We need to hit the breaks! No high-fives just yet…
There is a major flaw with this data science project.

It may seem like the project was a success but how do you know if the outbound call campaign caused the customer to convert? It could just be cherry picking easy wins.

In other words, all the propensity model did was gather the leads that were most likely going to convert to sales. It did not separate the customers who were already going to purchase from the customers that needed the outbound call to be persuaded.

전환된 고객들에는 2가지 종류가 있다.

영업을 하지 않아도 적극적으로 전환하려는 고객과
영업을 해야만 전환하는 수동적인 고객.

경향(확률) 예측 모델은 이러한 고객 분류를 하지 않는다.

Welcome to the world of uplift modeling — a bridge between causal inference and machine learning.

What the case study above forgot to consider is persuasion, incrementality, or the true effect of the outbound lead campaign.

이전의 나쁜 사례에선 증분/캠페인 효과를 고려하지 않았다.

The propensity to purchase model, highlighted in the last section, uses machine learning to answer the question:

“How likely is the customer going to purchase in the future?”

Uplift modeling improves on that by answering more important questions:

업리프트 모델링은 구매 확률보다 더 중요한

광고가 구매에 효과가 있었나?
원래 구매하려던 고객에게 광고하는건 가성비가 구린가?
광고가 어떤 사람에겐 악효과가 있었나?

와 같은 질문에 답을 내리려 노력한다.

“Did my advertising cause the customer to purchase from me?”
“Did I waste money advertising to customers who were already going to purchase from me?”
Did my advertising make the probability of someone purchasing worse (negative impact)?

In other words, the classic propensity model (and most machine learning algorithms) predict target (y) given features (x).

전통적인 확률 모델은 입력데이터 x에 대해서 확률 값인 y를 내뱉는다.

Uplift looks to solve for the impact of treatment (t) on target (y) given features (x).

업리프트는 x 라는 입력데이터에 y 결과에 대한 treatment의 효과를 찾는다.

Uplift modeling is often explained by using four customer segments (Siegel 2011):

업리프트 모델링은 자주 시겔의 2011의 고객 세그먼트로 설명된다.

People who will purchase no matter what (sure things)
뭘 하든 안하든 구매할 사람
People who will purchase only if they are exposed to an advertisement (persuadables)
광고를 해야만 구매를 하는 사람
People who will not purchase no matter what (lost causes)
광고를 하든 안하든 구매를 안할 사람
People who will not purchase if they are exposed to an advertisement (sleeping dogs)
광고를 하면 구매를 안할 사람

A propensity model adds value by helping you avoid lost causes.
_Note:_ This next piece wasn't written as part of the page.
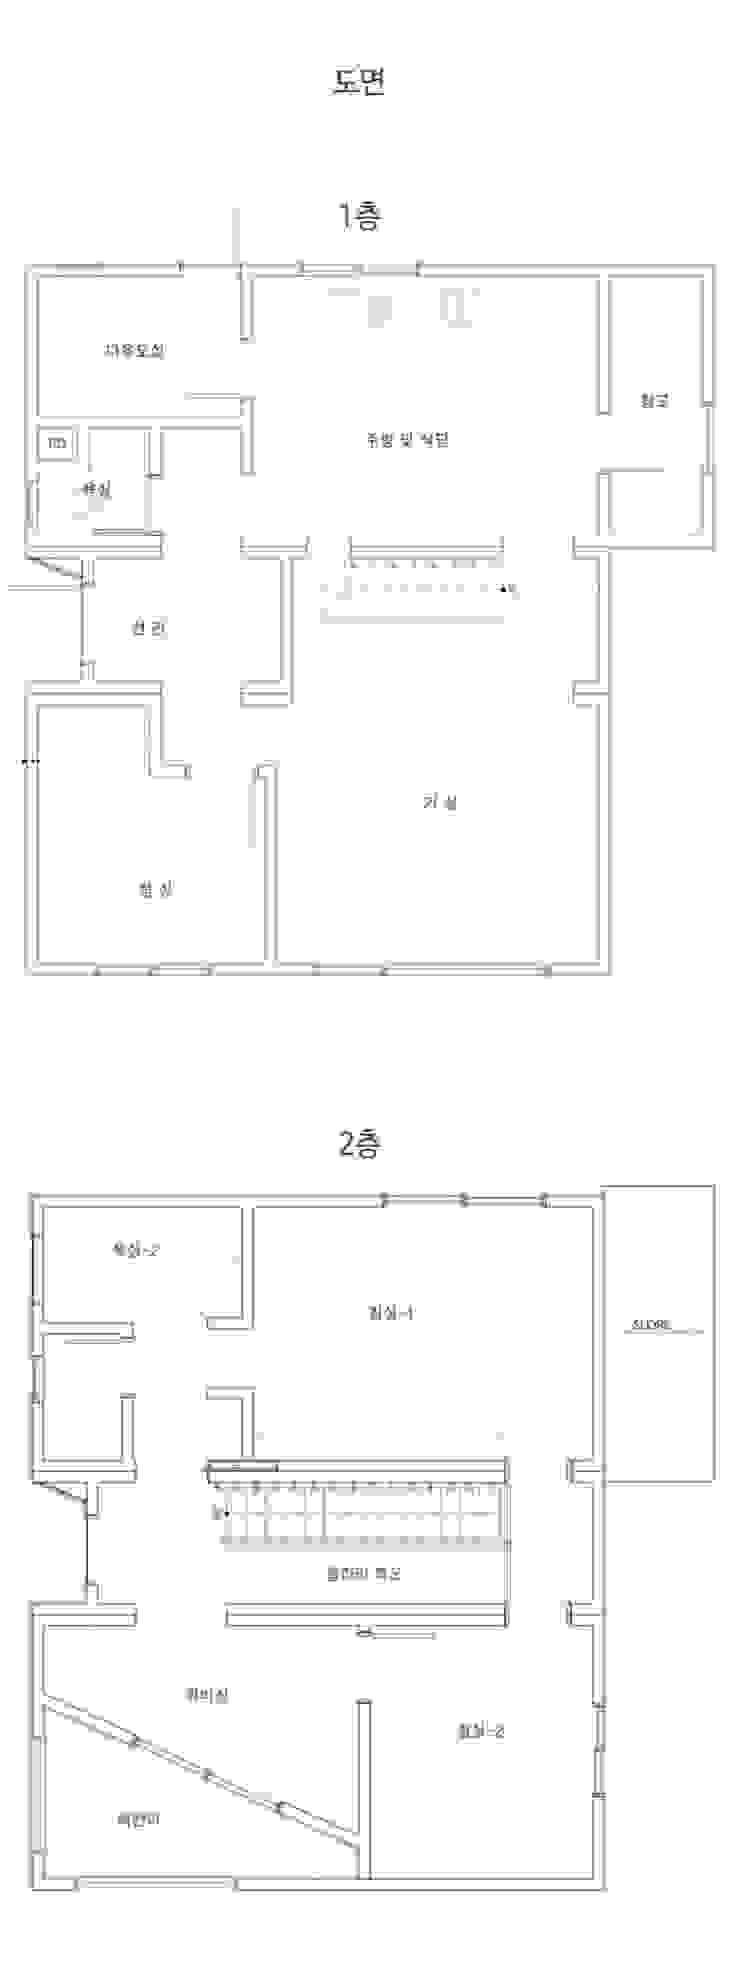 순환구조가 돋보이는 모듈화주택_도면 by 공간제작소(주) 모던 우드 우드 그레인

Uplift modeling improves the targeting even further by focusing on only the customers who are in the persuadables segment.
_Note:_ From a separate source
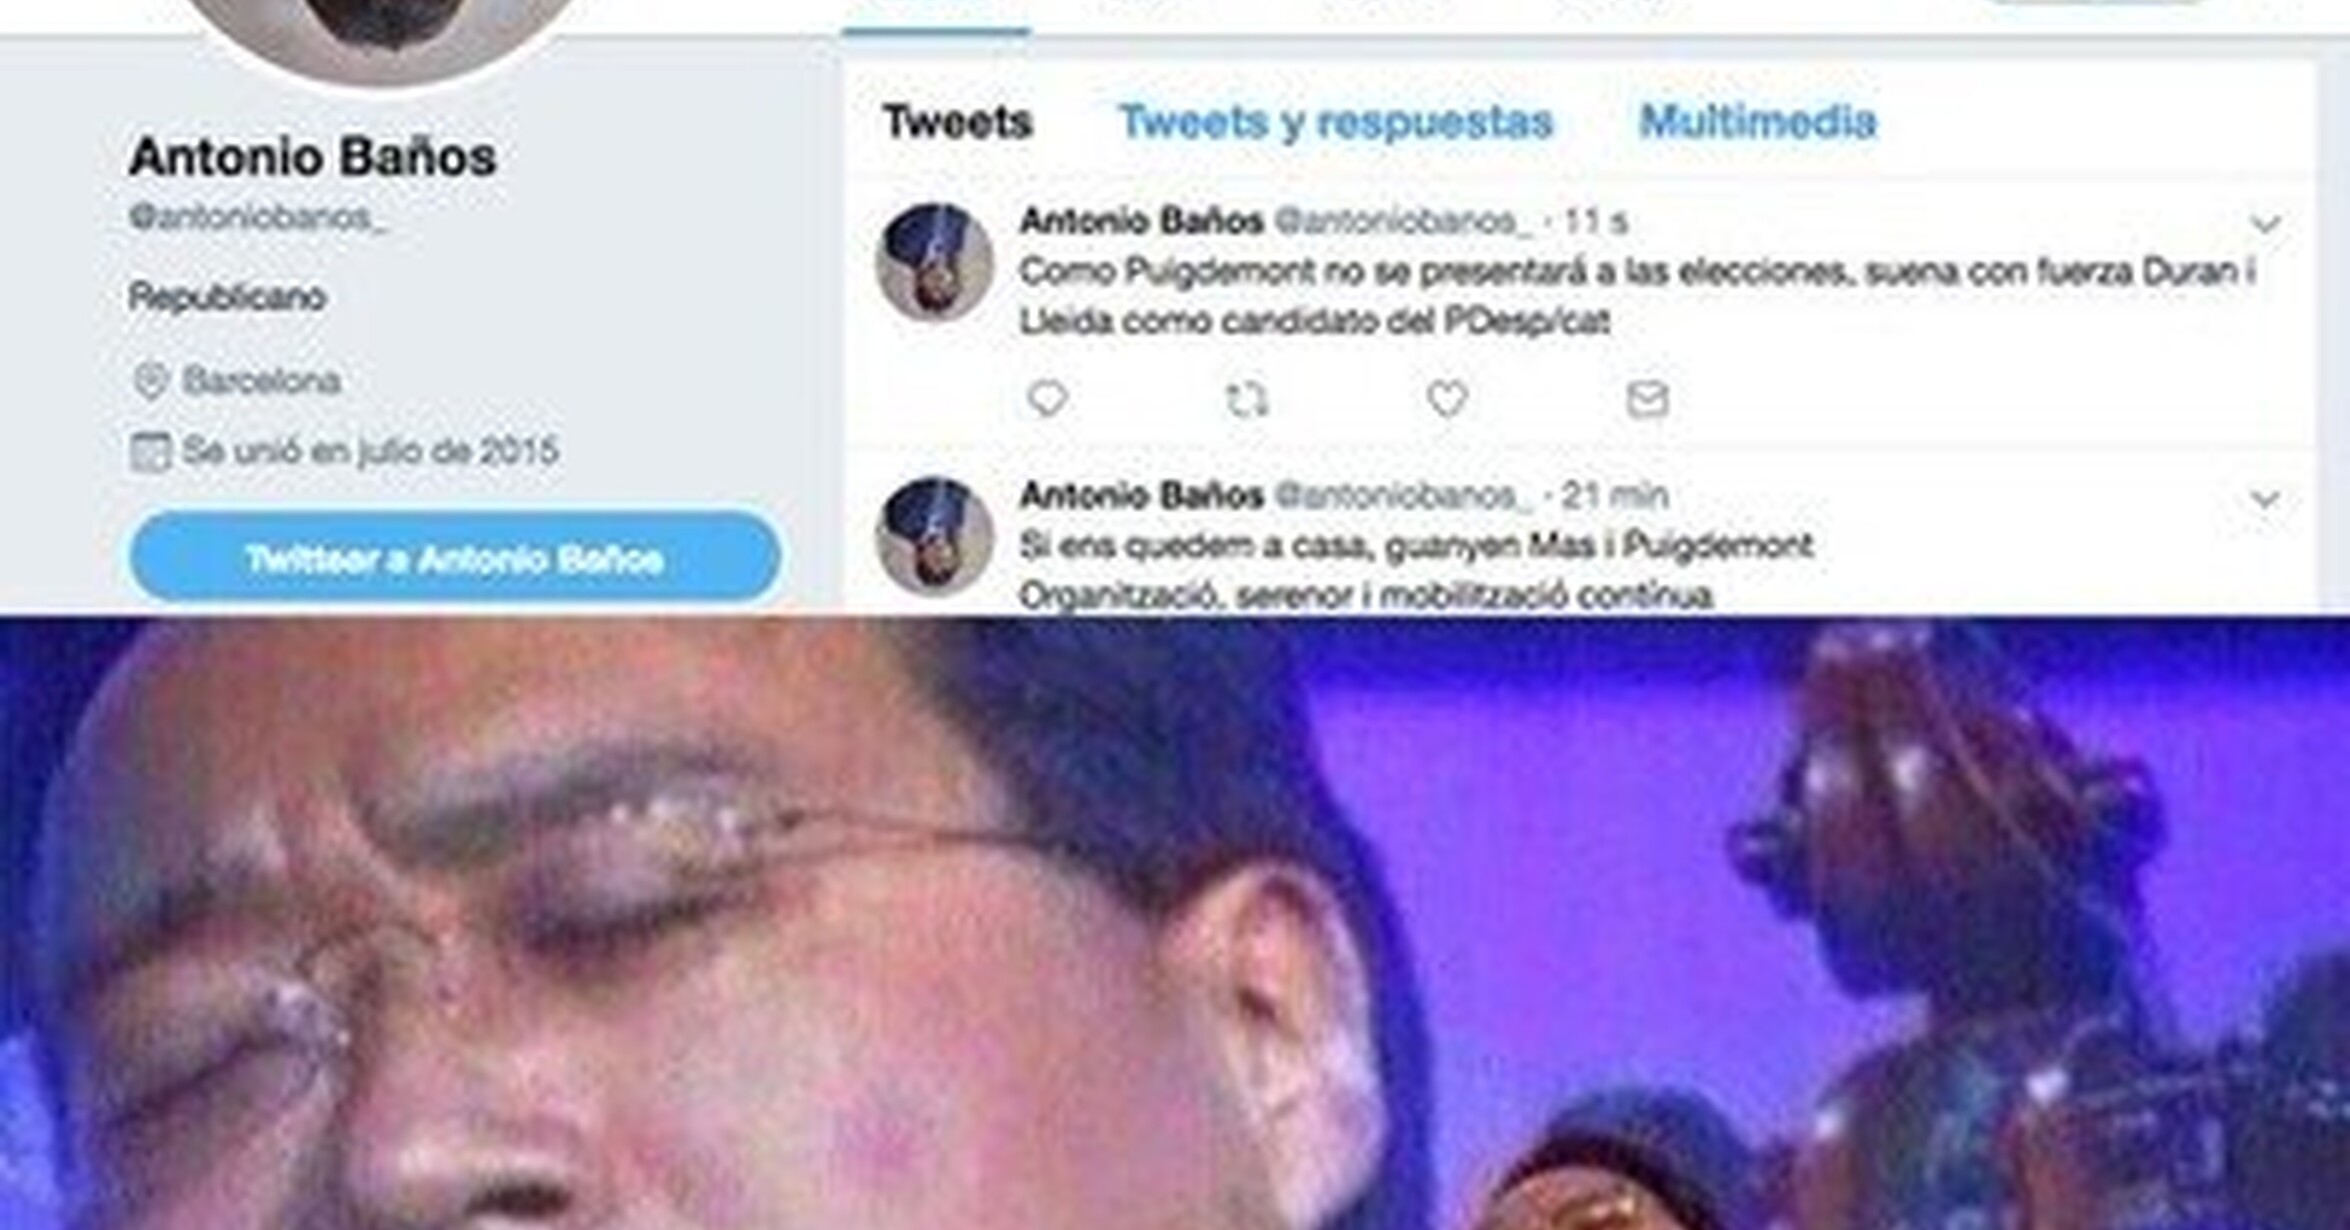 El nuevo avatar de Antonio Baños

확률 모델은 3번 케이스를 회피함으로써 가치를 추가한다.

업리프트 모델은 2번 케이스에 집중함으로써 타겟을 향상(?) 시킨다.

Common Applications

일반적인 활용법

How can this be applied to any business unit or industry?

Political Campaigns:
Uplift modeling has been used to identify and target voters who are on the fence (Stedman 2013). By leveraging uplift models, a political marketing campaign can avoid people who are dead set on their party and instead only focus on persuadables.

A New Health Treatment:
Rather than just evaluating the results to the whole treatment group vs control group uplift modeling can help understand how treatments might impact certain groups differently. Also, by how much those impacts differ.
Perhaps the treatment has a large positive impact to people who are age 50+ and have underlying health conditions, but has a small impact to people who are under 50 and healthy.
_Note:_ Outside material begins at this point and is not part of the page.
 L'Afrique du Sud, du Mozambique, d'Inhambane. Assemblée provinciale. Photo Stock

Lead Optimization: (this should sound familiar)
A company has a lead database but they generate more leads than can be worked and a lot of the leads are a waste of time — currently agents can work the leads in any order they choose.

Cross-Sell:
A company wants to run a cross-sell campaign and the assumption is they don’t want to cross-sell to their entire customer base because budget is limited and some people may not need or want the other products.

Retention:
A company wants to reach out to customers who are about to churn and save them. The company wants to prevent further upsetting customers when reaching out and to only focus on high risk savable customers.

User Experience Testing:
A company wants to understand if a change to their website or app caused the intended result.

일반적인 기술적인 접근들

Traditional Propensity Model

This is actually not an uplift model but needs to be included because it is the classic approach to the uplift problem. The algorithm will typically be a classifier like logistic regression. These algorithms can output a probability 0 to 1 that can be used to sort the audience. Then a threshold can be selected (perhaps .70 probability or greater) as the cutoff for those who should be treated.

Direct Uplift Models

This pillar represents techniques and algorithms that allow you to directly model treatment effects. It requires the algorithm like random forest to be completely redesigned to feature select, hyper parameter tune, and fit to solve for the impact of (t) on (y) given (x). Typical algorithms found in a package like Scikit-learn cannot do that. You can implement uplift trees with the package Uplift for R and CausalML for Python.

Meta-Learners

The final pillar represents techniques and algorithms that can be used to model uplift but use some sort of shortcut to get to a proxy for uplift.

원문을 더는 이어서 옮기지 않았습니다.